The fundamental premise was that the rate of change was increasing at such a rapid rate that individuals and society might not be able to keep up.
And that the implications of this could be dire.
It’s now 50 years later, and it’s time to revisit the book’s premise.
On the one hand, the world hasn’t completely fallen apart and there has been significant progress. This challenges the book’s premise.
On the other hand, there are cracks developing in society’s foundation (see symptoms later in the article). So maybe the book’s premise was correct but the time frame was off.
Rather than just listening to the headlines, I wanted to go a level deeper and understand the problem at a more fundamental level. So, last year I spent dozens of hours reading and re-reading more than a dozen books on the topic (paid members get access to the book list with mini-reviews at bottom of the article).
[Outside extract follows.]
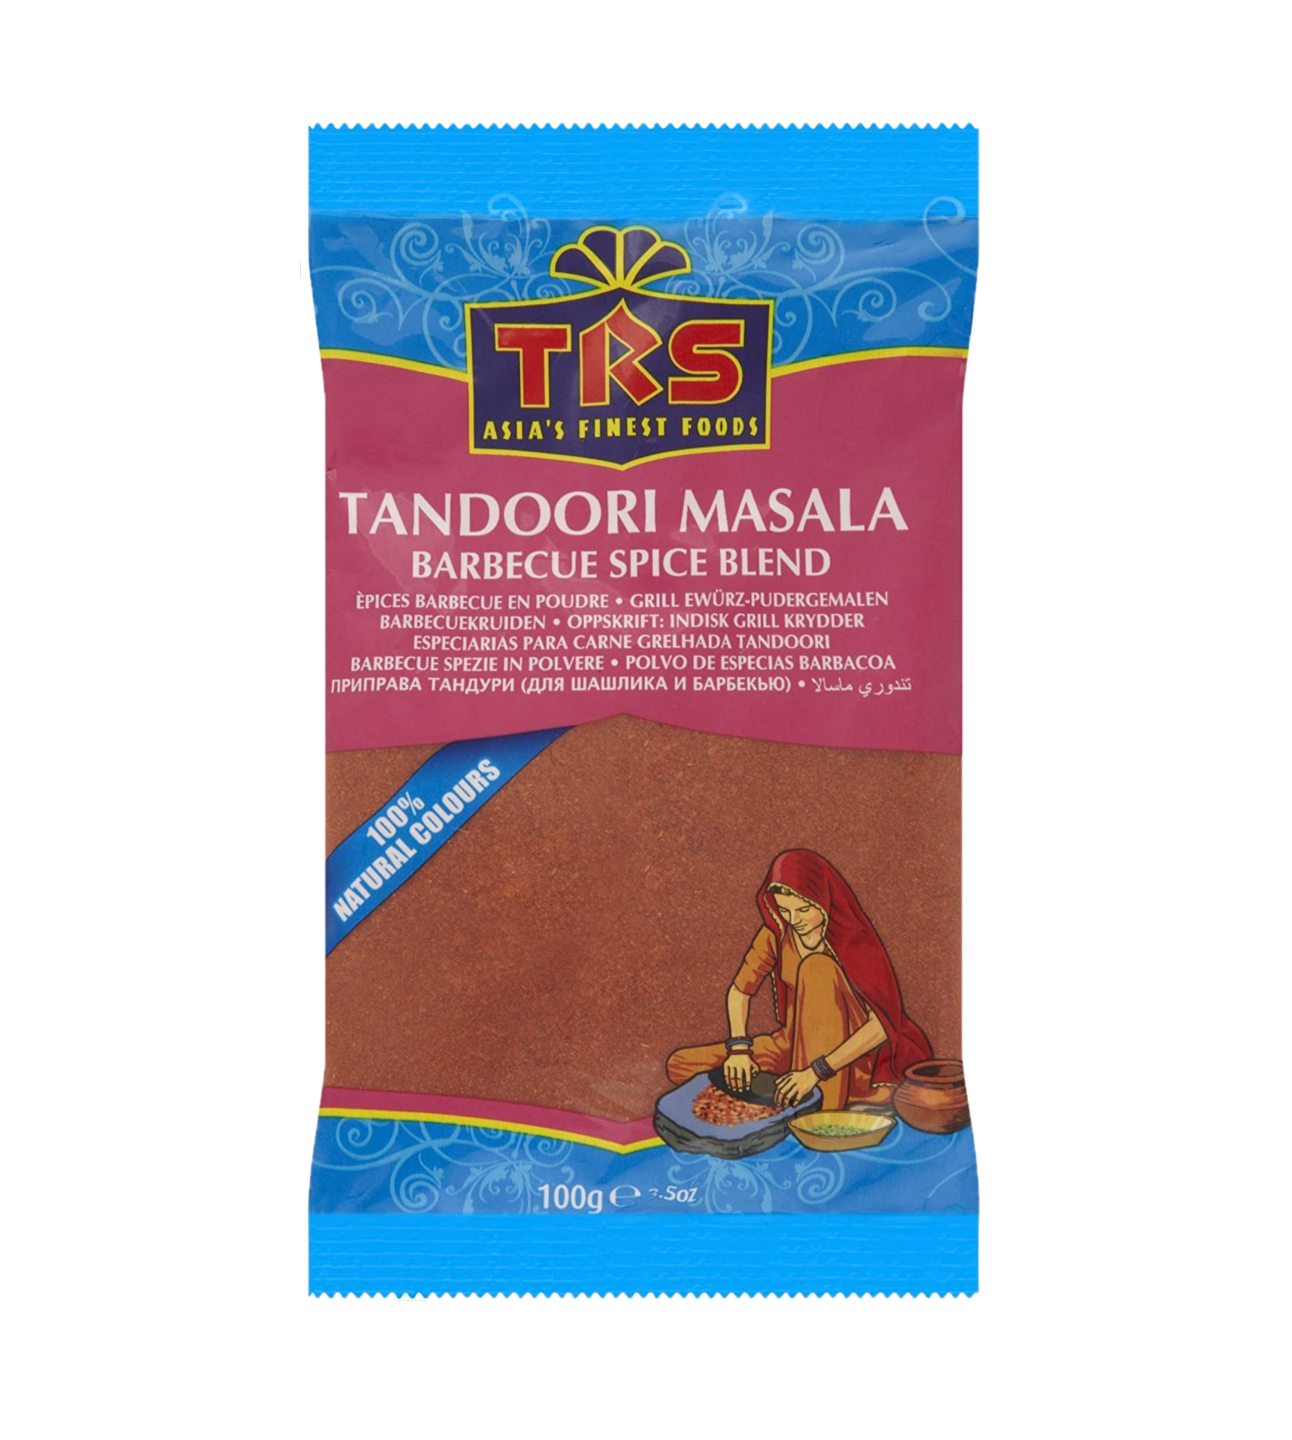 TRS Tandoori masala powder
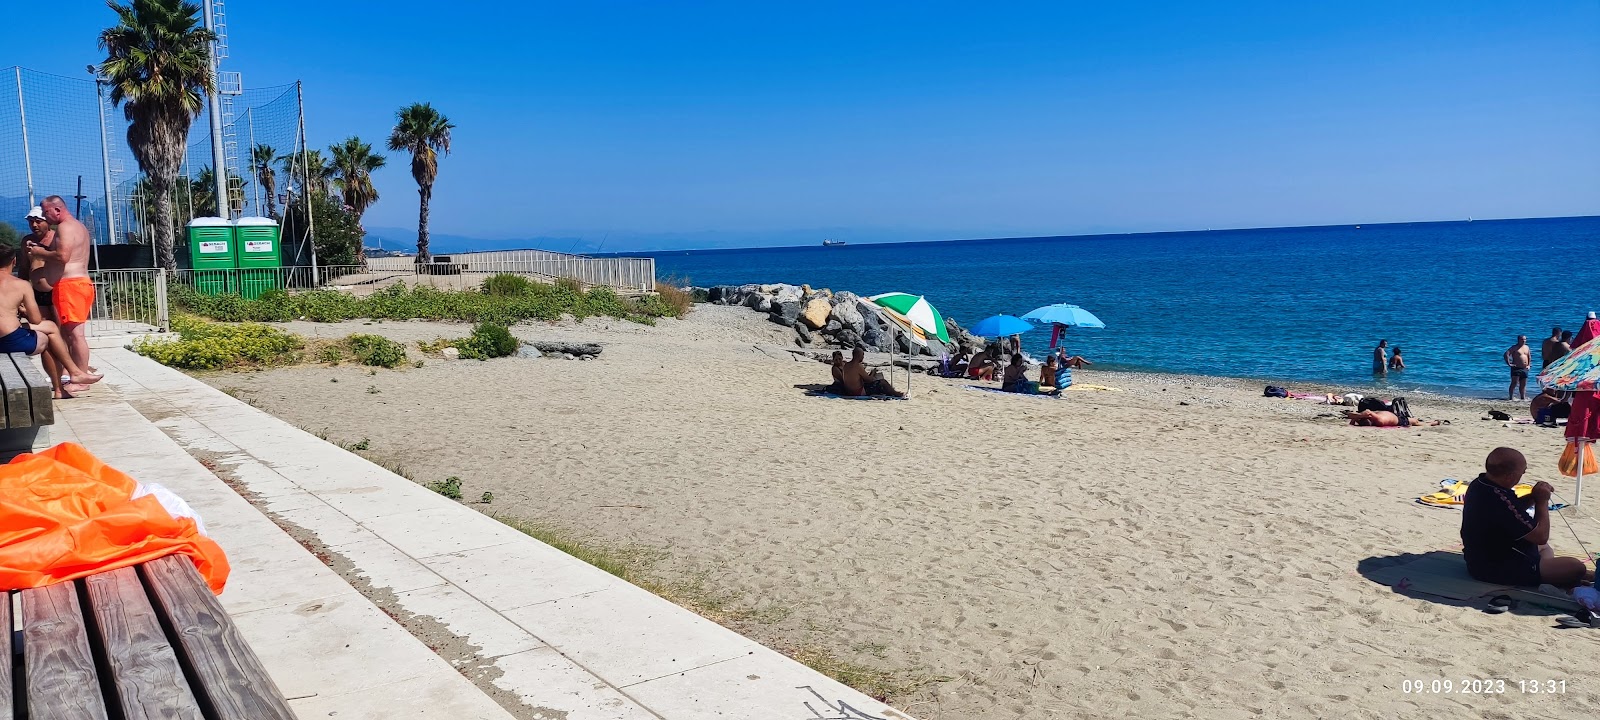 Foto van Spiaggia di Zinola met hoog niveau van netheid

This article attempts to rigorously and honestly explore the Future Shock premise:
Is Future Shock’s premise true? Where are we in the disease state? What do we do about it?
But, before we dive in, let’s get more clarity on Toffler and Farrell’s premise…
The Future Shock Hypothesis
Below is the premise broken down in a handful of curated sentences from the book:
Acceleration is a fundamental force in today’s world: “The acceleration of change in our time is, itself, an elemental force.”
It has a big impact: “This accelerative thrust has personal and psychological, as well as sociological, consequences.”
It has deep and far-reaching side effects: “[It’s] a real sickness from which increasingly large numbers already suffer.”
Collectively, these side effects are functionally equivalent to a disease: “This psycho-biological condition can be described in medical and psychiatric terms. It is the disease of change.”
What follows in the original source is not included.